= WHAT THIS TASK INVOLVES =
Copy the listing exactly; drop the pictures.

= GIVEN DATA =
###

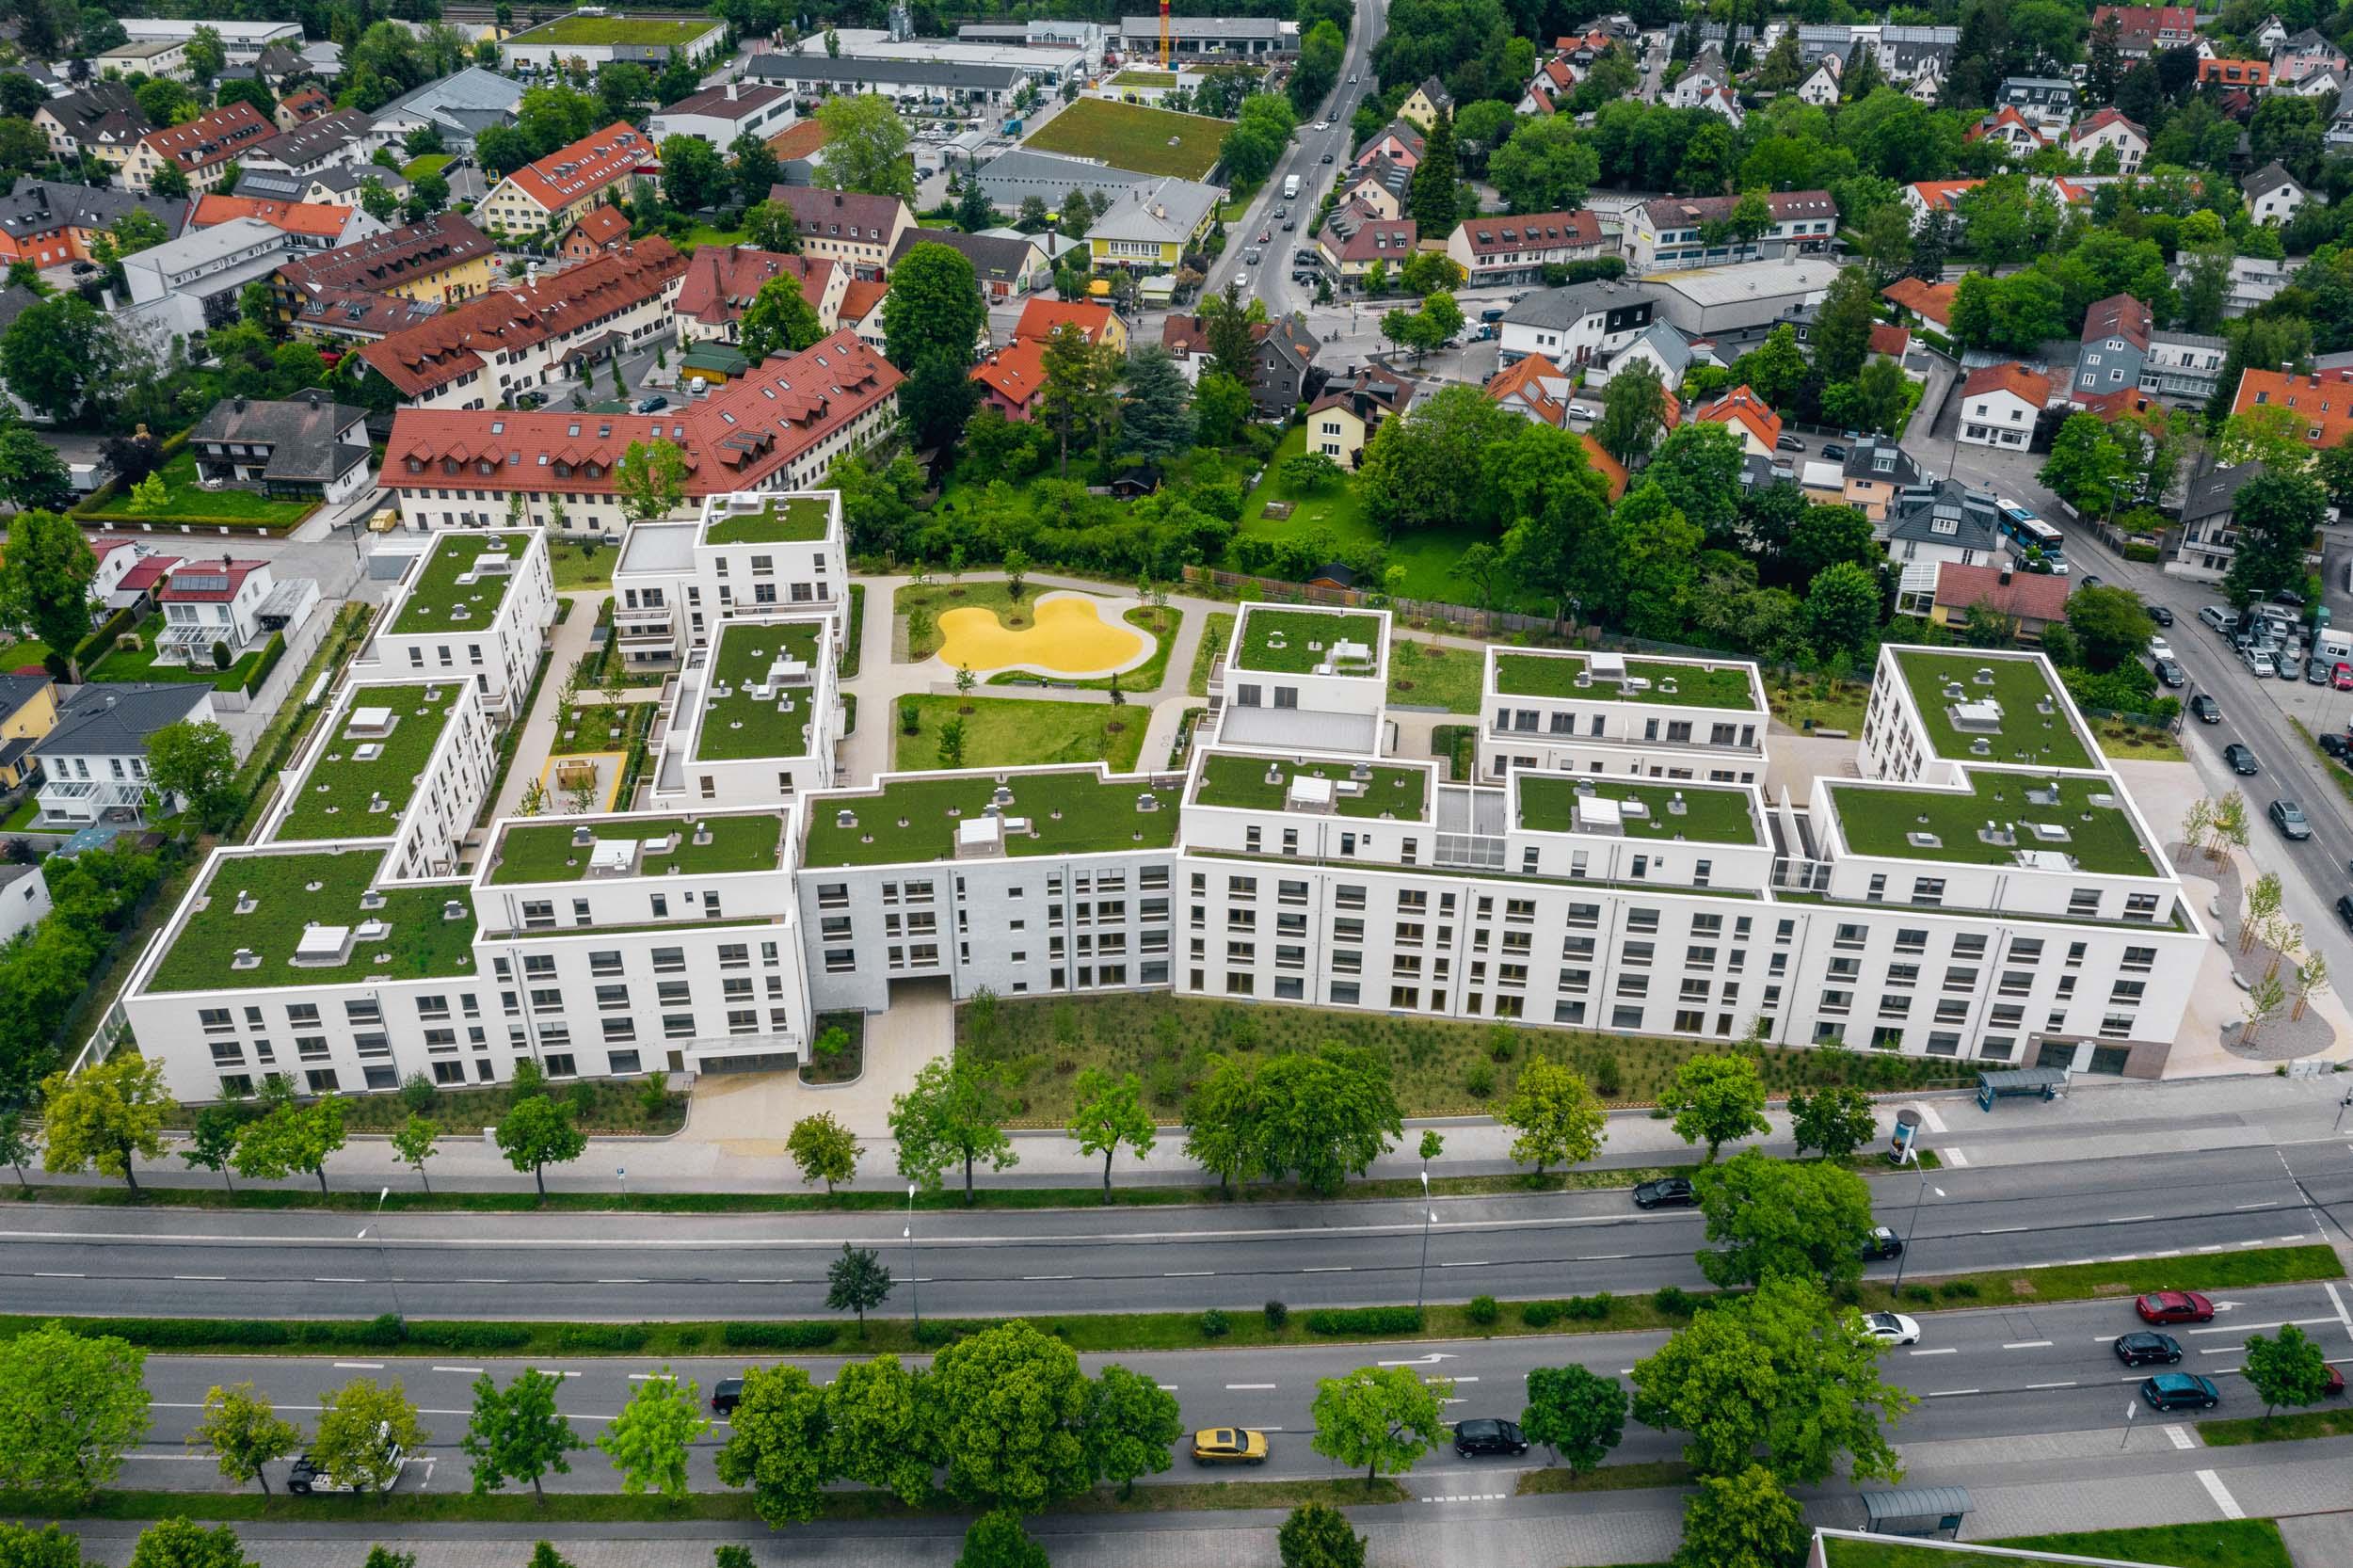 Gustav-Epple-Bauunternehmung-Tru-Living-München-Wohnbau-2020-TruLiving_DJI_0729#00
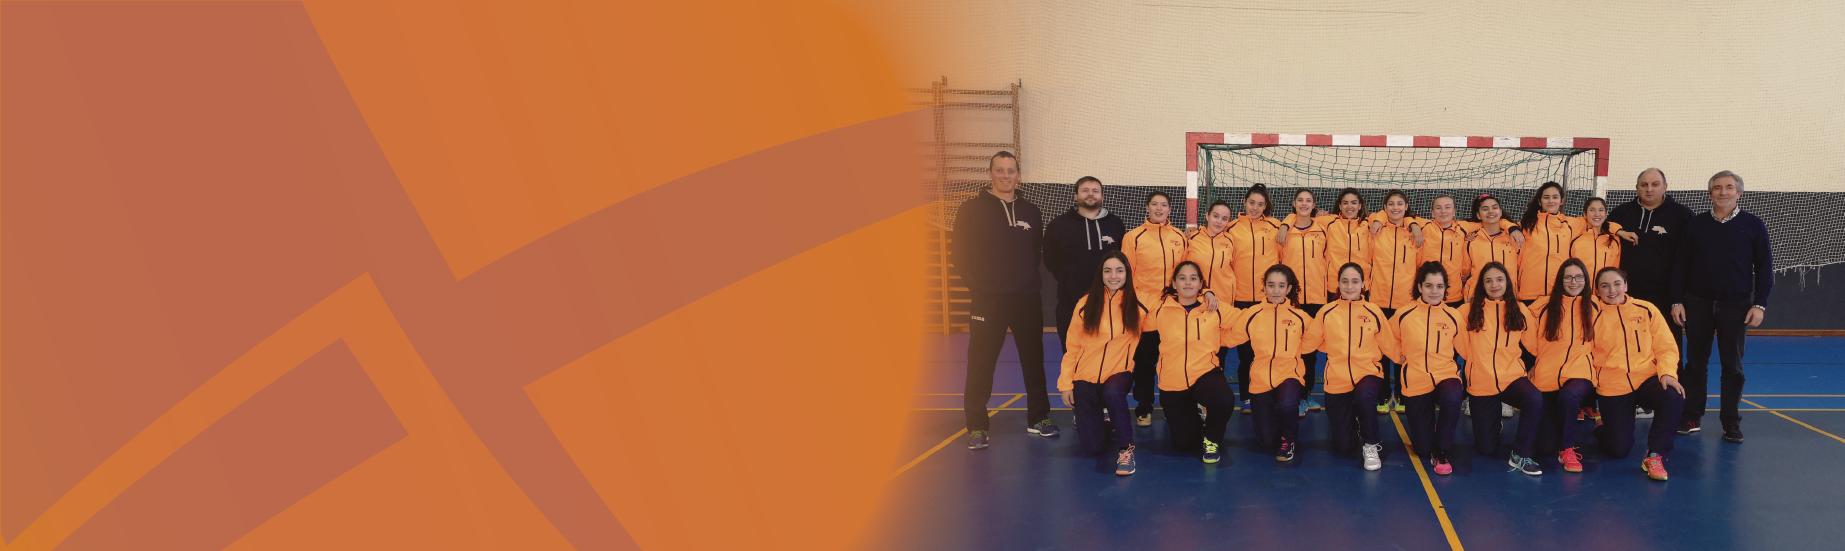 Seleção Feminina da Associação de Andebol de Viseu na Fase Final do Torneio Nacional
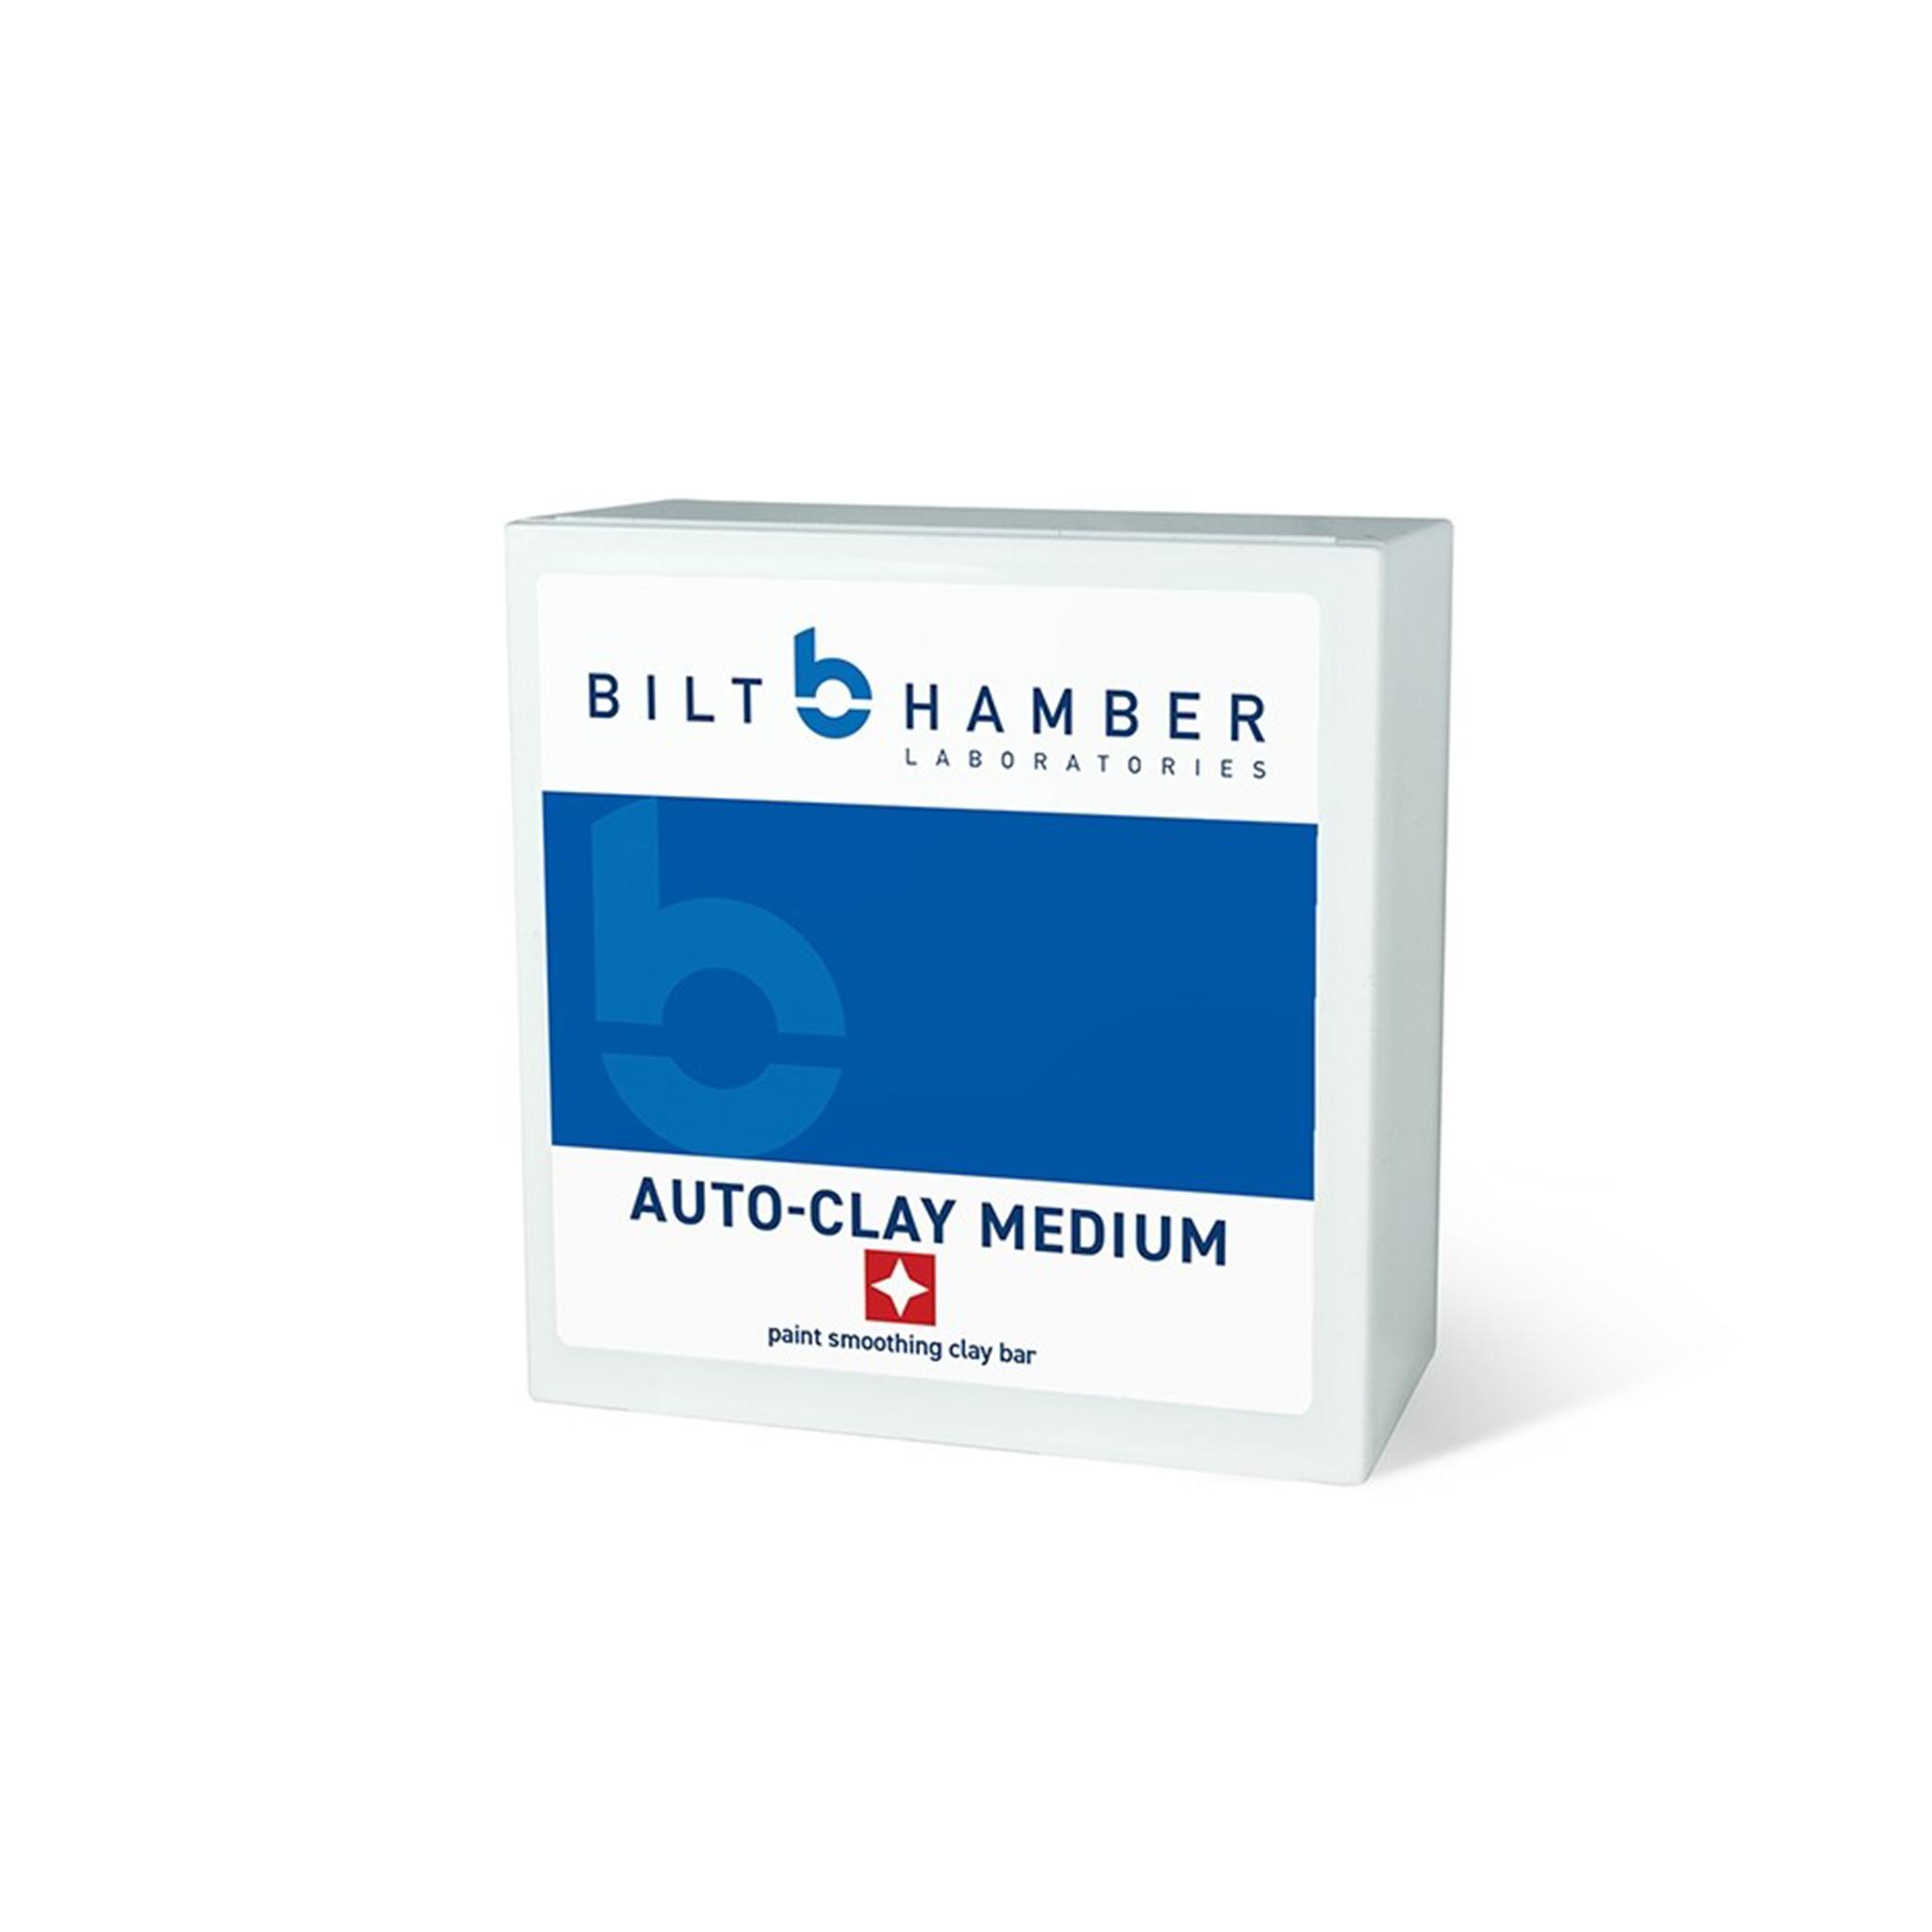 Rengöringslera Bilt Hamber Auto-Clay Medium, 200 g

###

= RESULT FOR THIS EXERCISE =
 Gustav-Epple-Bauunternehmung-Tru-Living-München-Wohnbau-2020-TruLiving_DJI_0729#00
 Seleção Feminina da Associação de Andebol de Viseu na Fase Final do Torneio Nacional
 Rengöringslera Bilt Hamber Auto-Clay Medium, 200 g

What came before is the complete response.